DOE Finalizes Tighter Residential Water Heater Standard

Showers Will Still Be Hot, but Cost Less and Use Less Energy

WASHINGTON (April 1, 2010) -- In a positive step for consumers and the environment, the Energy Department issued final energy efficiency standards for residential water heaters today, improving on the initial proposal made last December.

This tighter standard will save electricity, create a bigger market for advanced water heater technology and save consumers money, according to the Natural Resources Defense Council.

NRDC and 10,000 of its activists urged DOE to adopt a tighter standard than one it proposed late last year and the Department listened.

According to DOE, the standard will save 2.8 quads of energy, enough to power 15 million American homes for a year and avoid the need for three new 250 megawatt power plants. In addition, the CO2 emissions savings would total 164 million tons. In addition, a half-ton of mercury will be kept out of the air from power plant emissions. The energy bill savings from the standard, which goes into effect in 2015, will be $10 billion over the next 30 years.

The following is a statement from Lane Burt, Manager of Building Energy Policy at the Natural Resources Defense Council:

“We wanted the Energy Department to strengthen the proposed energy efficiency requirement for water heaters, and it did.
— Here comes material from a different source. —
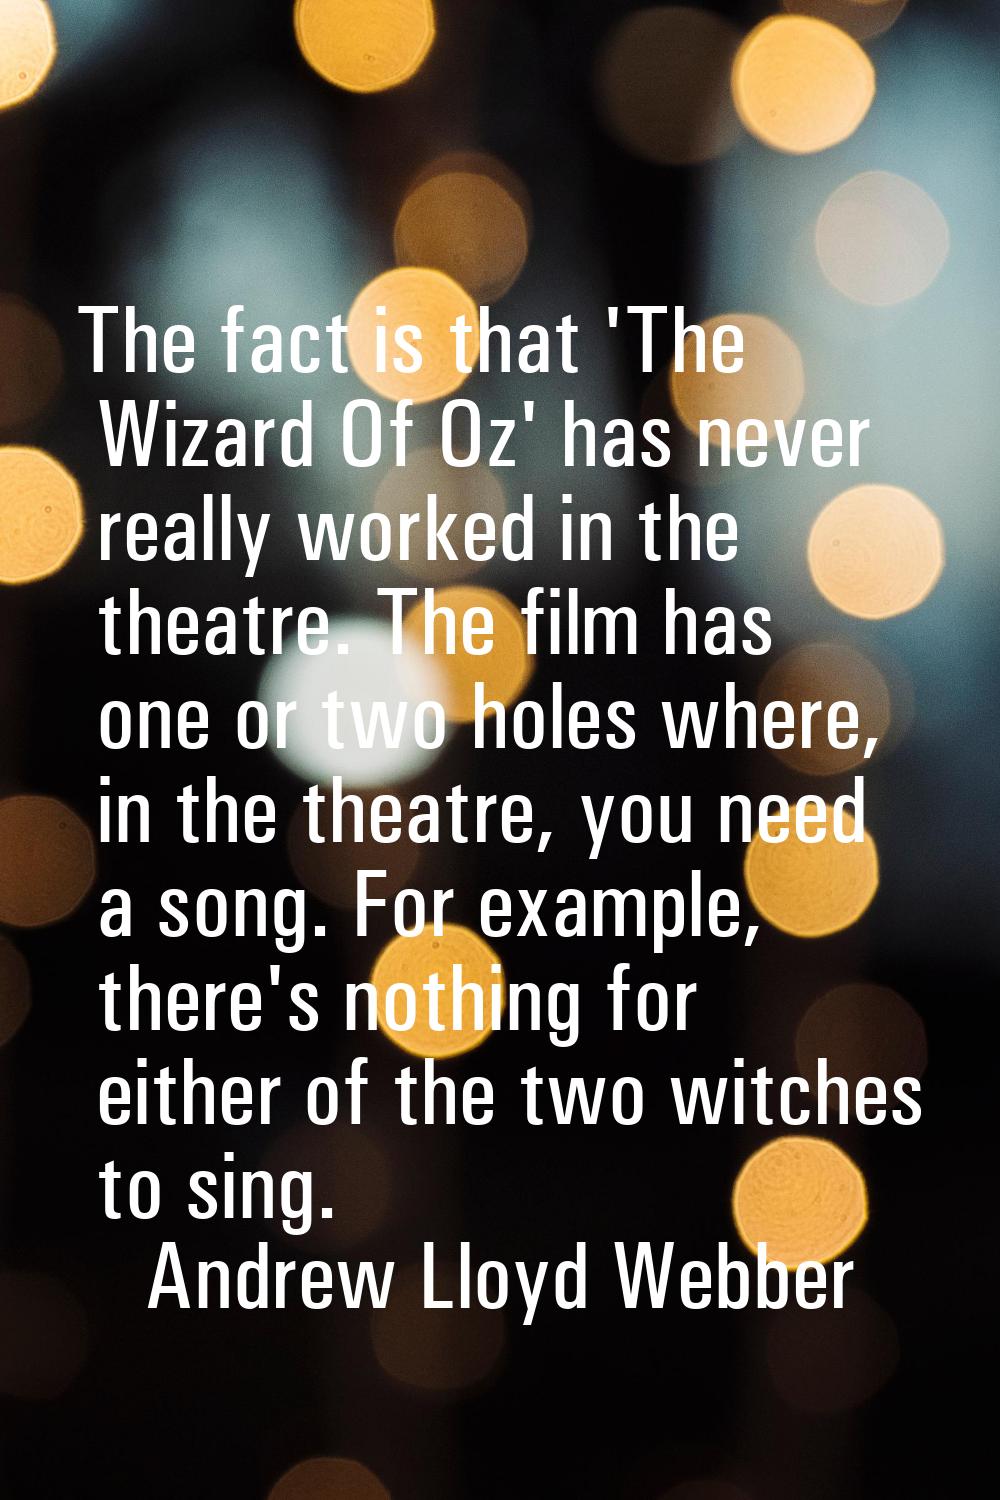 The fact is that 'The Wizard Of Oz' has never really worked in the theatre. The film has one or two

These standards will not only boost the total national energy savings, but help create a bigger market for advanced water heater technologies that will eventually make every shower cheaper and more sustainable.

“This rule illustrates the Department’s and Secretary Chu's commitment to issuing and enforcing the dozens of standards that are overdue because of the inaction of previous administrations, while bringing the savings from energy efficiency to every American who takes a hot shower or uses any other appliance.”